American monthly community newspaper

The Larchmont Chronicle is a monthly community newspaper serving Larchmont Village, Hancock Park, Windsor Square, Fremont Place, Park La Brea and Miracle Mile in Los Angeles, California, United States. It is independently owned.

==History==

In 1963, Dawne P. Goodwin and Jane Gilman canvassed the Larchmont area in Los Angeles to start a community newspaper. The first issue of the Larchmont Chronicle was mailed to 10,000 families in the upper income areas of Hancock Park and Windsor Square. Both women secured 28 advertisers for the first 12-page issue. They each earned $250 on the first issue.
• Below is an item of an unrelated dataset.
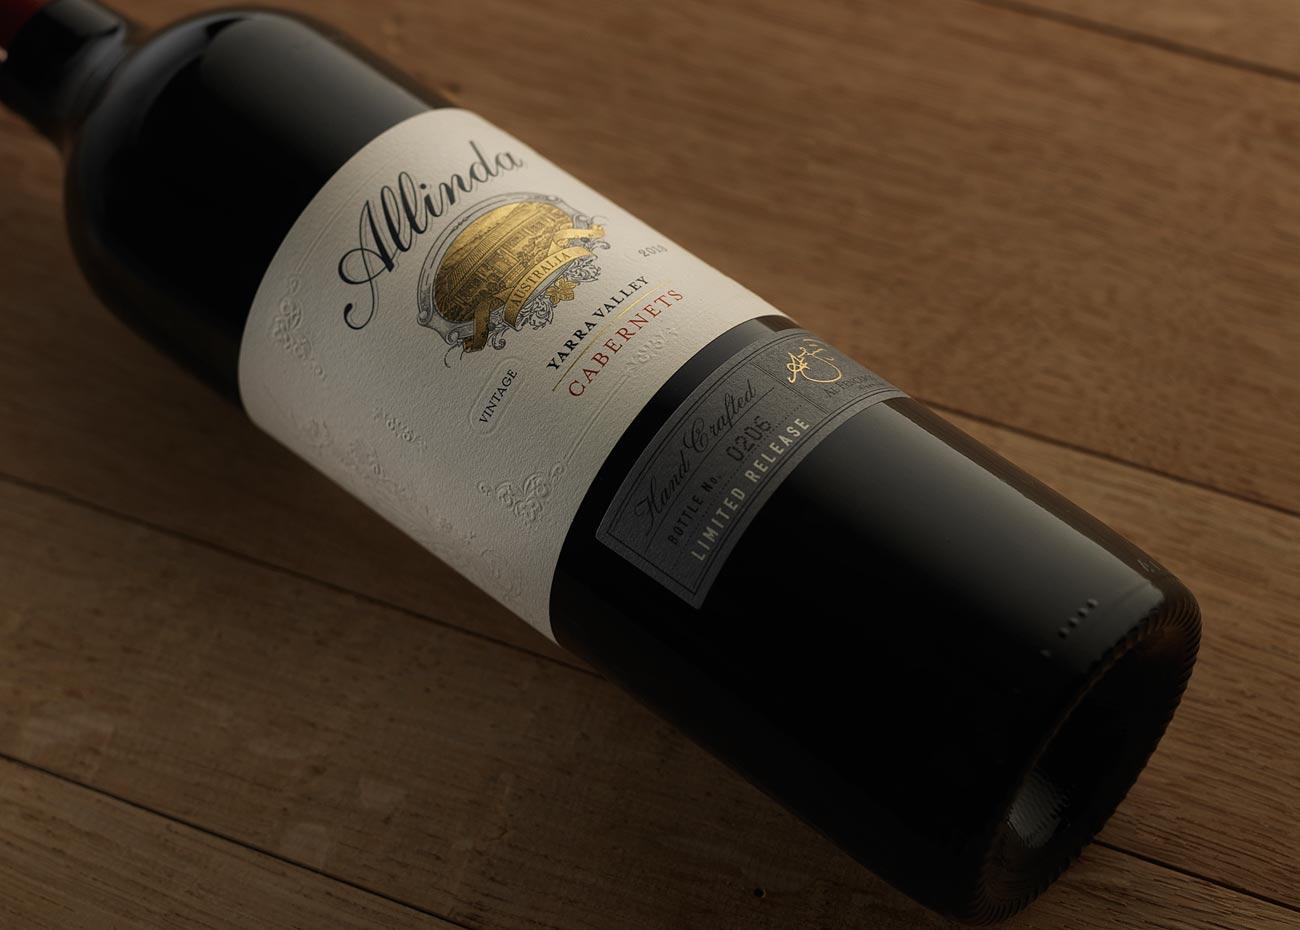 product-wine-bottle-photography-1.jpg

Goodwin retired in 1997, moved to Fallbrook, and died in October 2012. In April 2015, Gilman sold the paper to attorney John Welborne. Gilman remained a contributing editor until she officially retired a year later. In January 2025, Andrew and Hedy Hutcheson acquired the paper.

==Awards==

The Larchmont Chronicle has been commended by many organizations for its support and promotion of their objectives. Non-profit agencies who have given awards include the American Red Cross, Wilshire Chamber of Commerce, Wilshire Community Police Council, the Los Angeles Conservancy, Windsor Square-Hancock Park Historical Society, City Councilman Tom LaBonge and the Miracle Mile Civic Coalition.

==Coverage==

Hancock Park, Windsor Square, Fremont Place, Larchmont Village, Brookside, Windsor Village, Miracle Mile, Park La Brea, the Palazzo East and West and the Villas. It has an estimated readership of 76,439.

==Pricing==

The Larchmont Chronicle is a free newspaper to the community it serves, but a yearly donation of $25 may be paid.